Maysha Mohamedi
Oar Tatig
September 8–October 13, 2018
The Lodge
1024 N. Western Avenue
Los Angeles, CA 90029
Maysha Mohamedi
Oar Tatig
Reviewed by Katie Kirk
Maysha Mohamedi’s exhibition, Oar Tatig, features two rooms with 12 paintings of various sizes in her solo show at The Lodge. The use of gesture and inventive mark-making is the through line that threads the work together. The lyrical swoops found in many of the paintings are inspired by her ancestral language, calligraphic Farsi, and a vintage Persian/English illustrated dictionary the artist owns. While the script-like gestures celebrate her Iranian-American identity, the work is also deeply personal. There are hints of the artist as mother, music-lover, and even her previous training in chemistry sprinkled throughout the show.

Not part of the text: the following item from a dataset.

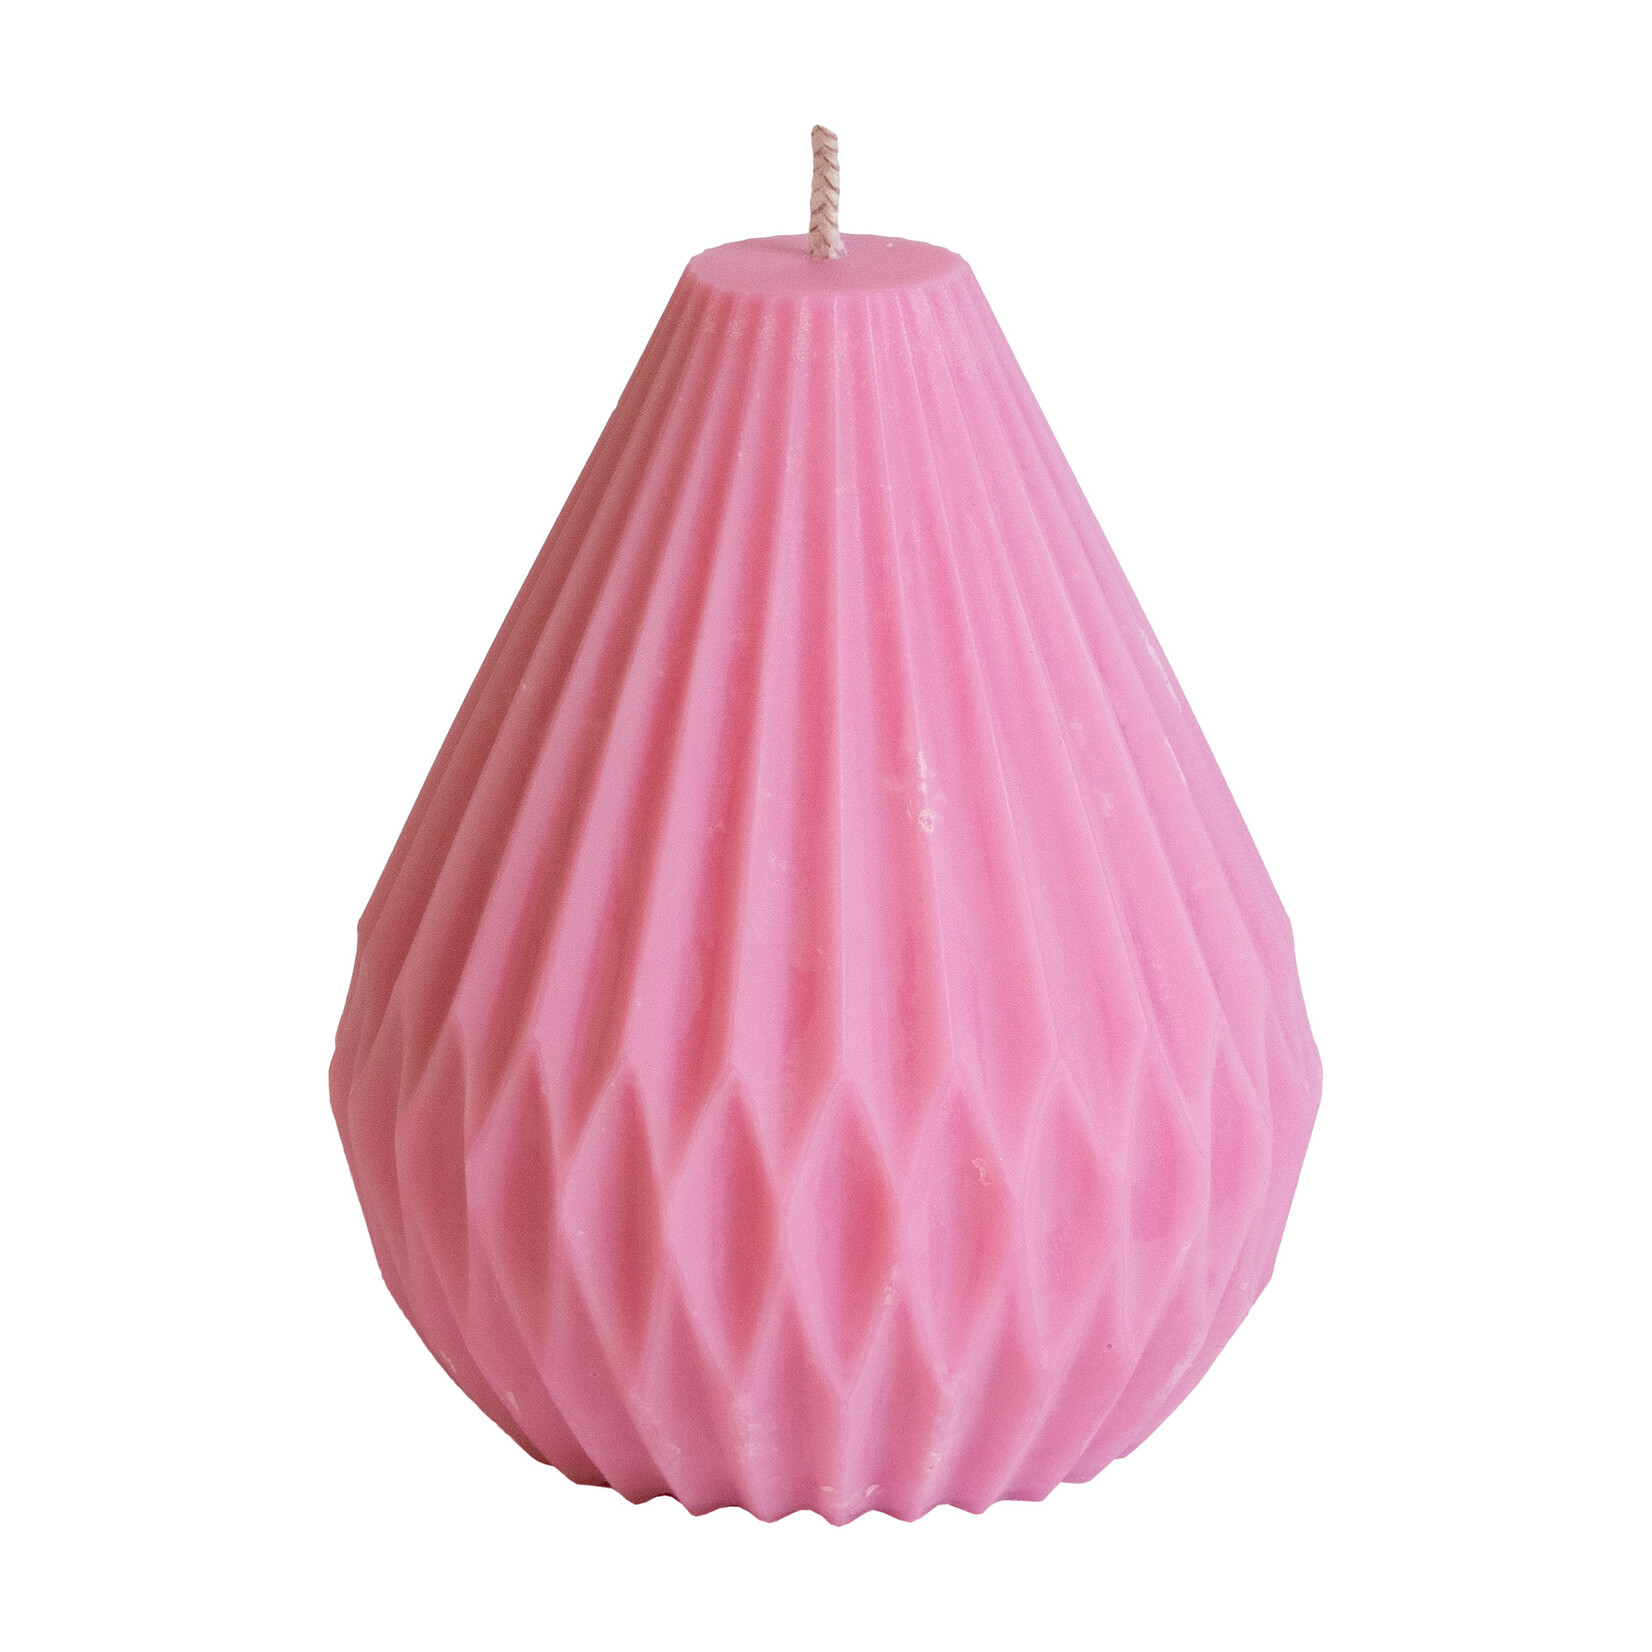 Rapeseed wax candle - pear-shaped - pink

Mohamedi’s work is full of play—a nod to both an ideology central in Iranian culture and Mohamedi’s diverse studio practice. She invents ways to achieve different types of marks and freely uses materials. In the studio, Mohamedi paints with a long stick intended to obscure the natural movement of her hand. Little plastic army men sometimes serve as stamps on the canvas. In The Hardest Fontanelle, gold glitter, oil and graphite scale the surface of the painting. She also mixes hand-collected tar from the beach in her paint, drawing on her background in the biological sciences.
Her paintings are worlds, full of mischievous narratives—non-linear, culture-crossing, mash-ups of animals, nature, and landscapes. The titles reinforce this fun, party bag experience. They are pulled from fragments of thoughts, songs, veiled confessions and even her children’s suggestions. In Sneaking Into Your House Music, the splotches of paint take form into what looks like a dragon, allowing viewers to try to reconcile the paradoxical image of a sneaking dragon. Another title, Duck Diving Under a Tiny and Indifferent Sun, seems like it could be from a bedtime tale. These moments create a sense of pleasure and humor in the work.
Mohamedi presents an exhibition that is a celebration of the “in between”. It represents a negotiation between two cultures explored through the many dualities in her work. At points it seems like nothing is off limits, but the controlled color pallet brings a formal restraint to the work that keeps things tied together. This allows the viewer to get lost and enjoy the obscurities that each piece generously has to offer.